Go back to the main page
Go back to the R overview page
R
Data Import Solutions
The following function is used to print tibbles in a proper way for the web. You can skip the use of this function to print tibbles to your screen in R Markdown documents.
library(knitr)
library(kableExtra)
library(pillar)
formatted_table <- function(df) {
col_types <- sapply(df, pillar::type_sum)
new_col_names <- paste0(names(df), "<br>", "<span style='font-weight: normal;'>", col_types, "</span>")
kbl(df,
col.names = new_col_names,
escape = FALSE, # This is crucial to allow the <br> tag to work
format = "html" # Ensure HTML format, although often auto-detected
) %>%
kable_styling(bootstrap_options = c("striped", "hover", "responsive"))

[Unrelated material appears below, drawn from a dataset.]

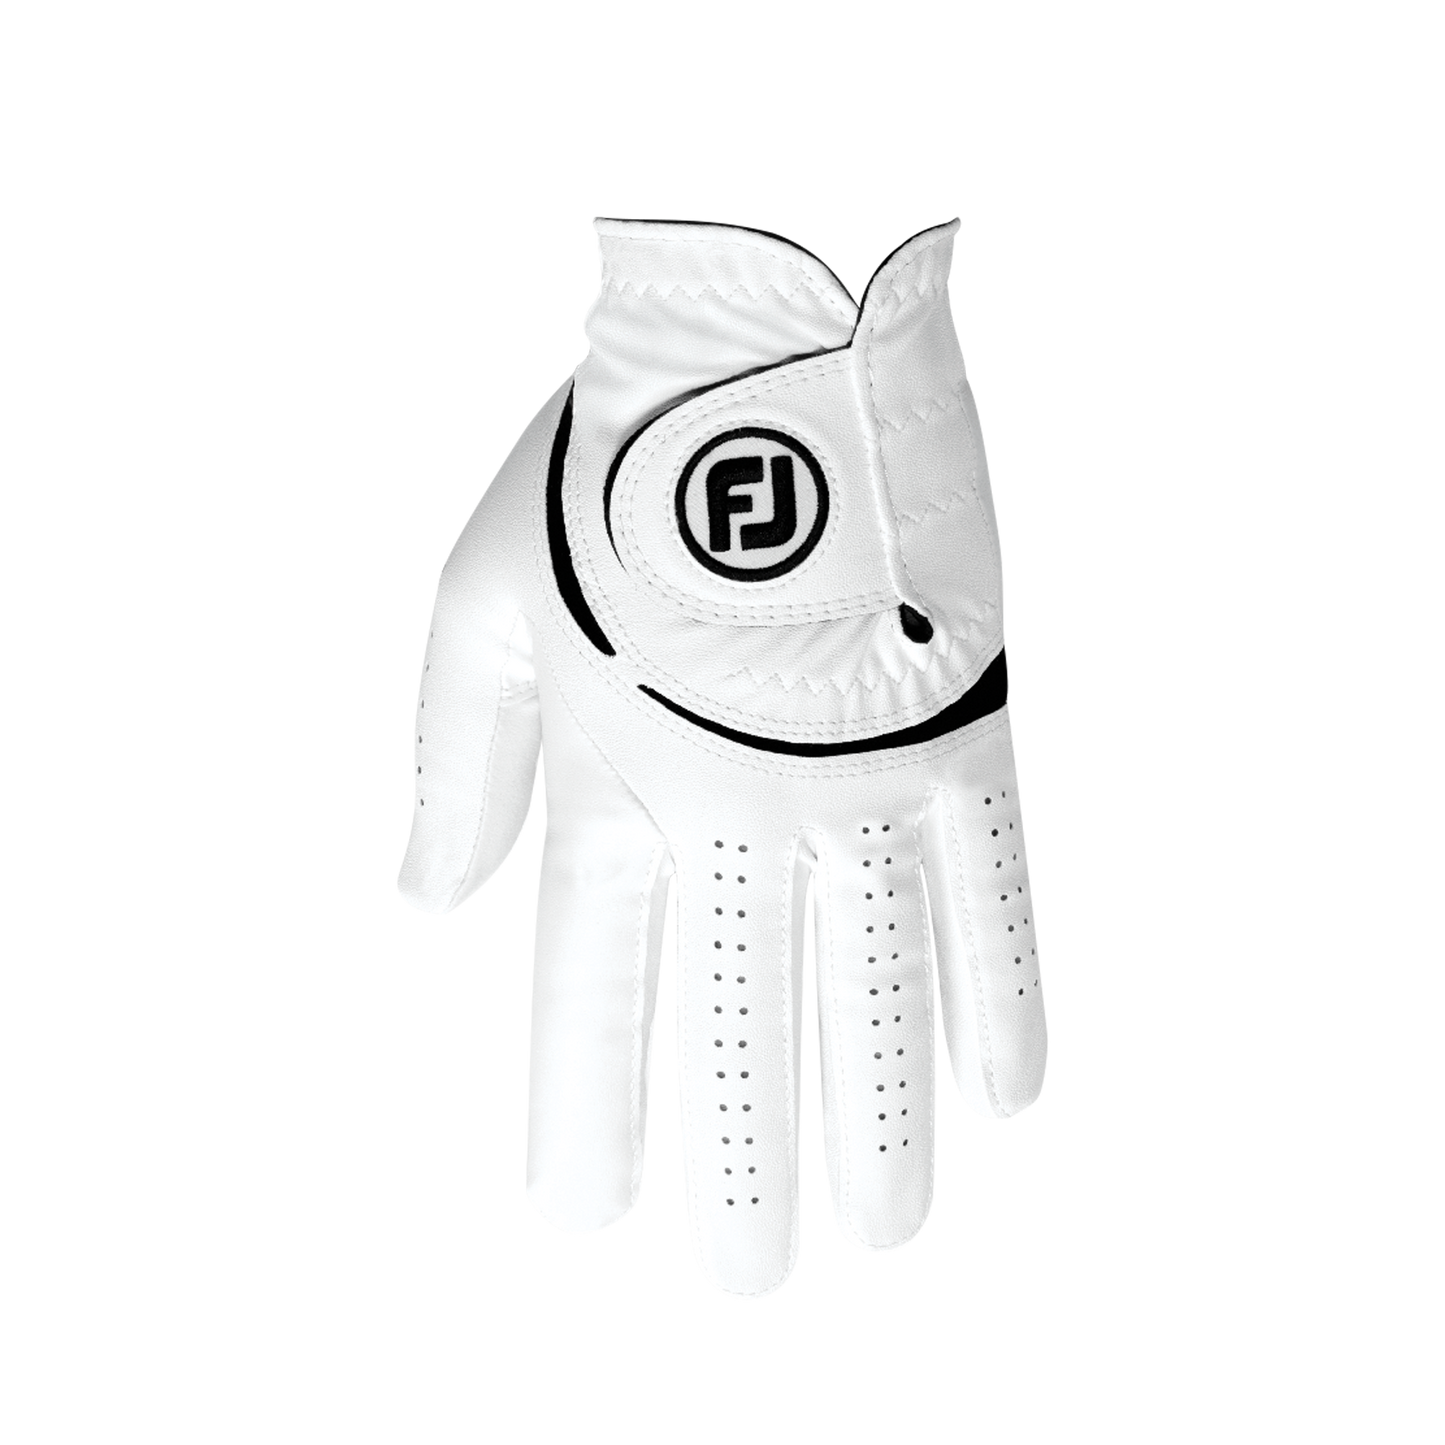 FootJoy WeatherSof Golf Glove 66161 - Right Hand White / Black S Right Hand (Left Handed Golfer)

}This file can be downloaded here.
Exercise 1
First, check the following files in your text editor (NotePad for Windows users, TextEdit for Apple users).

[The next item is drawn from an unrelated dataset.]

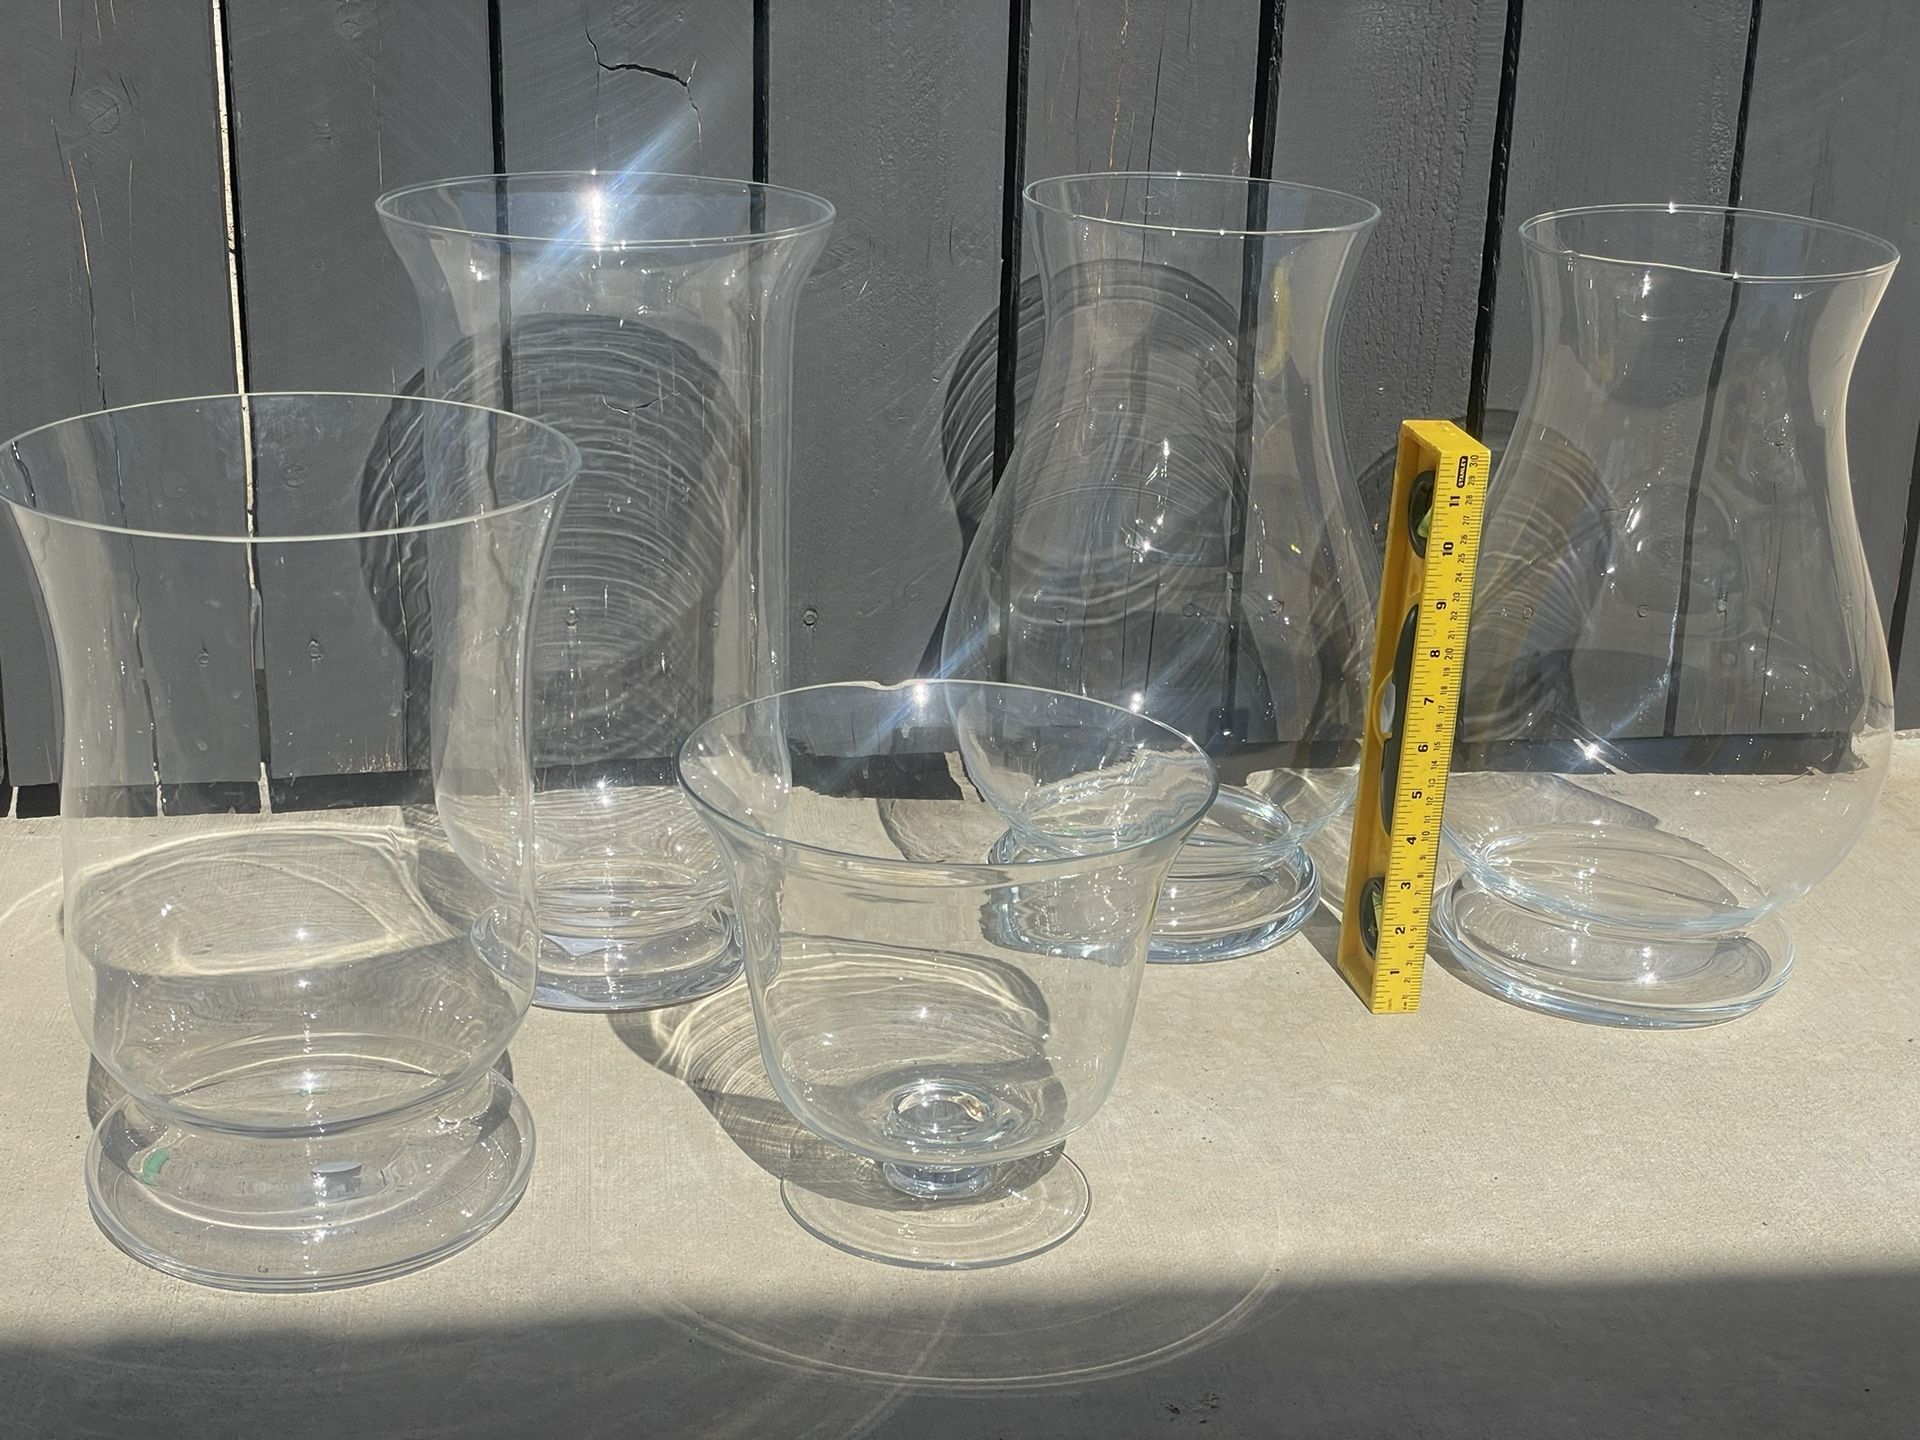 5 Clear Vases

Next, report the field separator and the function that you will use
to import the data. Also think of you need extra arguments in your
function to import the data correctly (for example: do you need the
locale = argument?). Last, load the datasets in R using the
csv, csv2, or tsv import functionality and check if the data is imported
correctly.
File 1:
The field separator used is a comma (,). Therefore use the
read_csv() function.
file_path <- "./files_04_data_import_exercises/exercise01/fish_data_1.csv"
df <- read_csv(file_path)
formatted_table(head(df)) |
id dbl |
average_length(inches)) dbl |
average_weight(inches)) dbl |
habitat chr |
ph_of_water dbl |
color chr |
Gender lgl |
life_span dbl |
|---|---|---|---|---|---|---|---|
| 1 | 14.69 | 5.87 | ponds | 6.2 | Reddish_Orange | FALSE | 10.9 |
| 2 | 1.32 | 3.86 | idlewater | 6.8 | Calico | TRUE | 5.2 |
| 3 | 14.23 | 12.09 | lakes | 7.9 | Reddish_Orange | TRUE | 25.3 |
| 4 | 2.54 | 3.20 | rivers | 6.7 | White | FALSE | 16.4 |
| 5 | 13.10 | 9.81 | lakes | 7.8 | Orange | TRUE | 3.2 |
| 6 | 15.20 | 8.99 | lakes | 7.8 | White | FALSE | 21.6 |
File 2:
The field separator used is a semi-colon (;). Therefore use the
read_csv2() function.
file_path <- "./files_04_data_import_exercises/exercise01/fish_data_2.csv"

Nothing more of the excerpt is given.